To the communal grievances that made up this war, Matoonas brought a very personal injury: back in 1671, his son Nehemiah had been accused by English colonists of murder and executed on that basis. And not just executed, but his rotting head set up on a pike at the gallows, to really rub it in.
Matoonas bided his time, but when the opportunity to fight back arrived he joined King Philip (Metacomet) with gusto. On July 14, 1675, Nipmuc warriors under his command raided the town of Mendon, Massachusetts, leaving five dead — the very first Anglo casualties of the war.
“A dark cloud of anxiety and fear now settled down upon the place,” a bicentennial a Rev. Carlton Staples recalled in a bicentennial address on Mendon’s history 1867. “With tears and lamentations they tenderly gathered the bodies of the slain and laid them away in some pleasant spot, we know not where. The houses and farms remote from this central point were abandoned, and the people fled to other places, or gathered here to save their flocks and growing crops. All sense of security was gone. They only dared to go abroad in companies. While some worked in the fields and gardens, others watched for the lurking foe.” A few months later, the settlers had to abandon Mendon altogether, and the Nipmuc burned the ghost town to the ground.
But the tide of the war soon turned against the natives, and Matoonas would find that he had his own lurking foe.

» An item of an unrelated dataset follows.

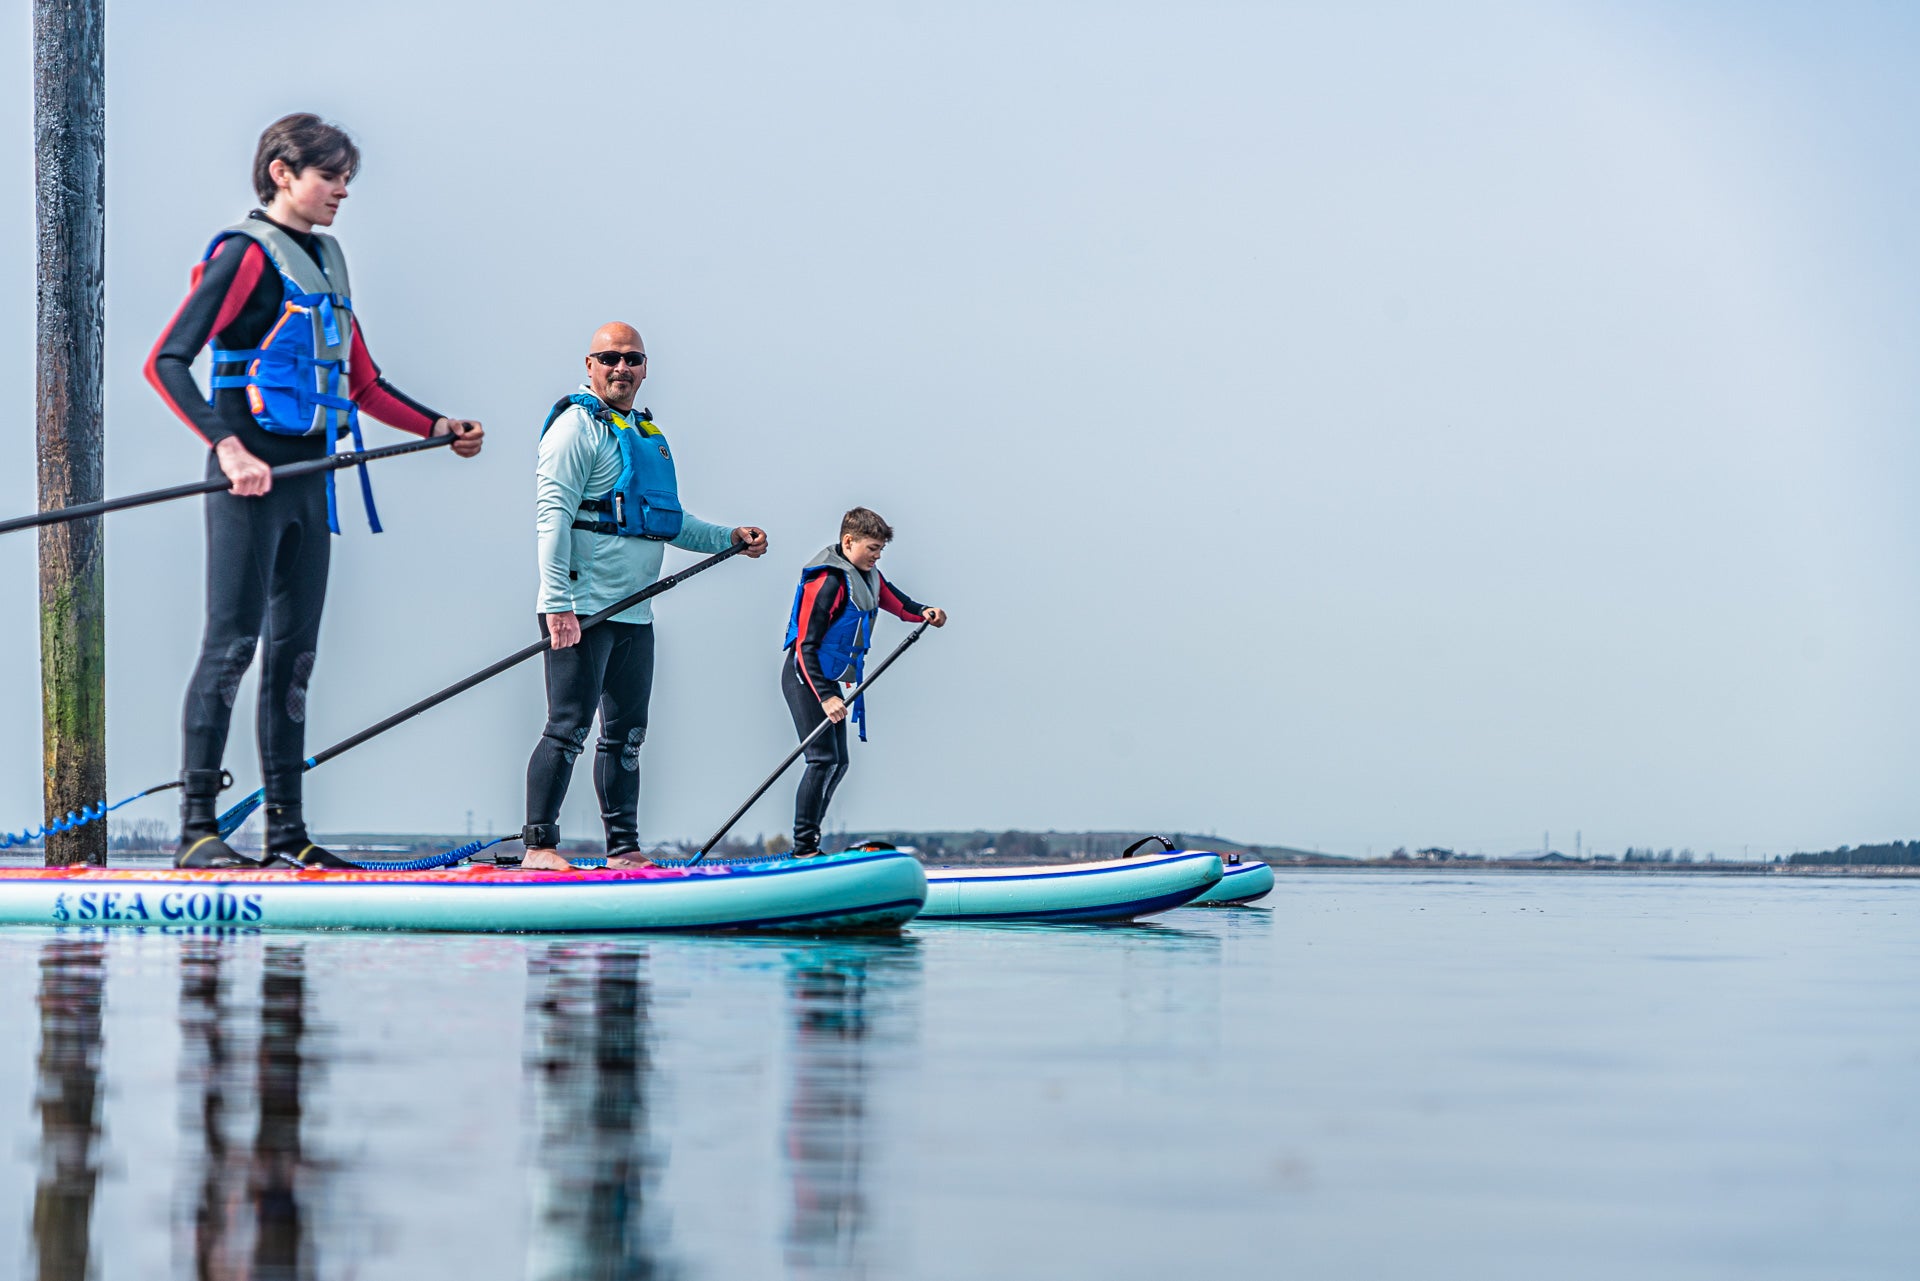 stand up paddle boarding for seniors - social outing with grandkids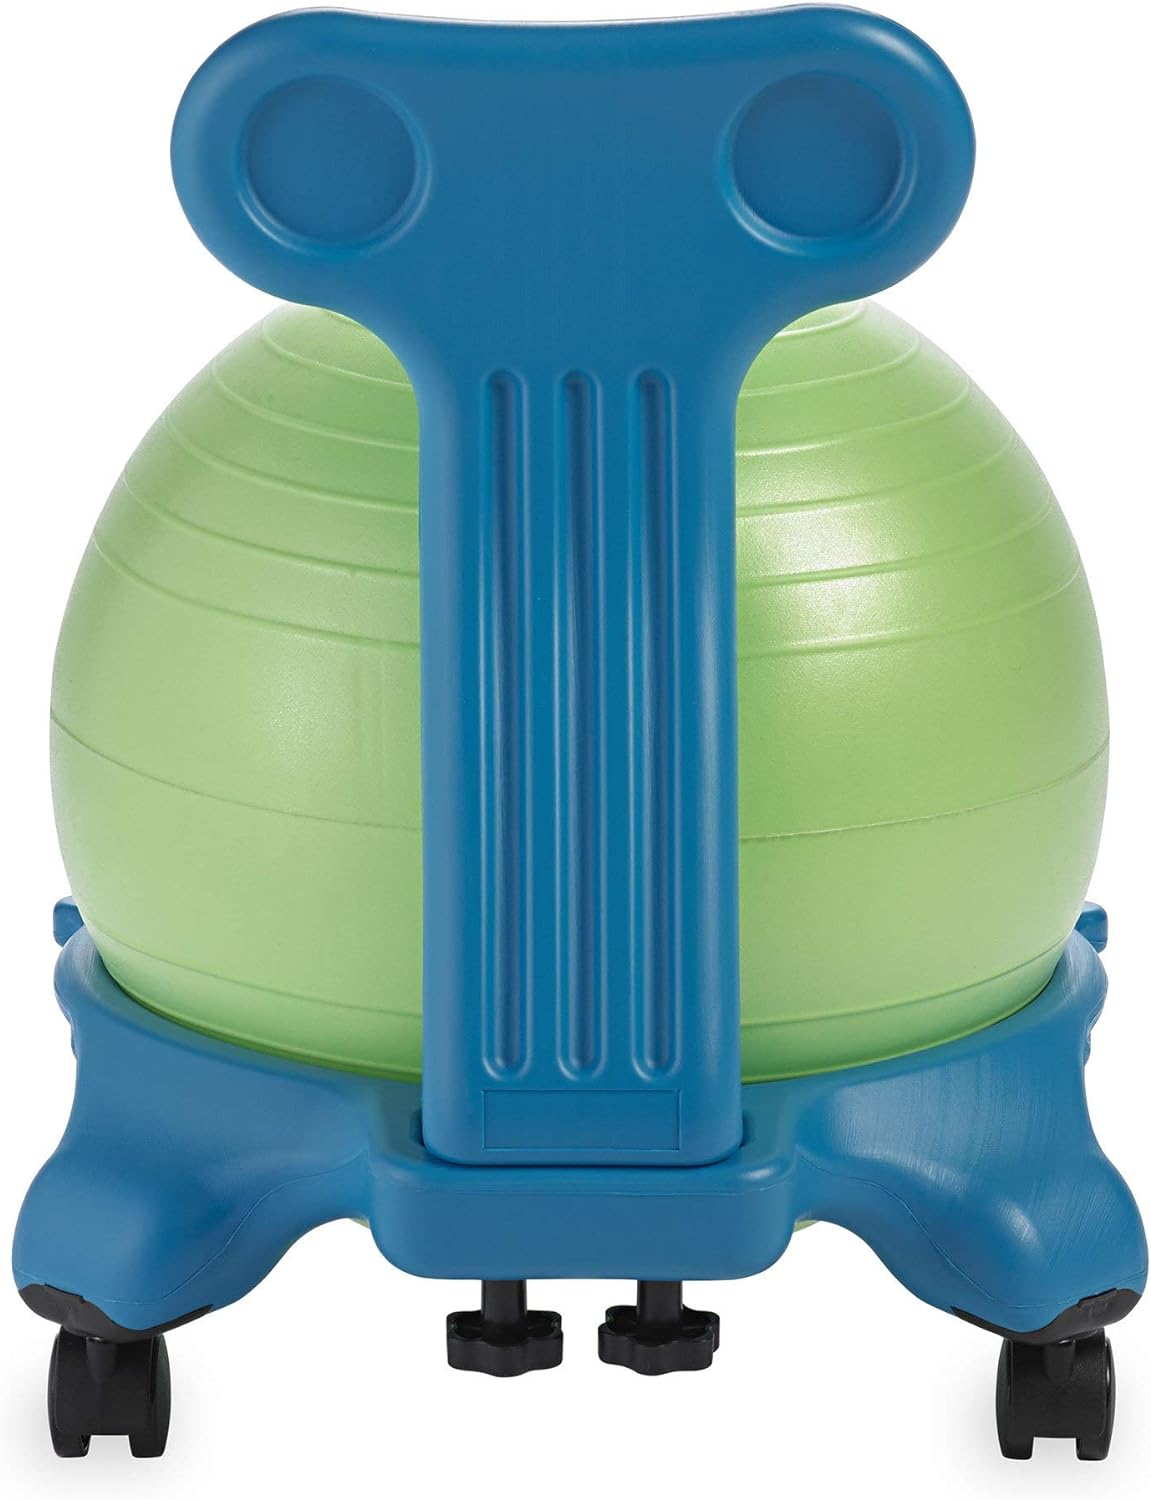 Gaiam Kids Balance Ball Chair - Classic Children's Stability Ball Chair, Alternative School Classroom Flexible Desk Seating for Active Students with Satisfaction Guarantee, Blue/Green

Sagamore John comes in, brings Mattoonus and his sonne prisoner. Mattoonus shot to death the same day by John’s men.
-diary of Samuel Sewall
A mysterious Nipmuc leader known as Sagamore John (“Sagamore” designates a sachem or chief) betrayed Matoonas in exchange for a pardon from the Massachusetts colony, marching Matoonas and his son right into Boston on the 27th of July.
After an improvised tribunal set down the inevitable punishment, Matoonas was lashed to a tree on Boston Common. Sagamore John performed the execution himself — although whether he volunteered or “volunteered” is not quite clear. The late Nipmuc raider’s head, too, was set on a pole — just opposite Nehemiah’s.
Memorial to Sagamore John in Medford, Mass. (cc) image from David Bruce.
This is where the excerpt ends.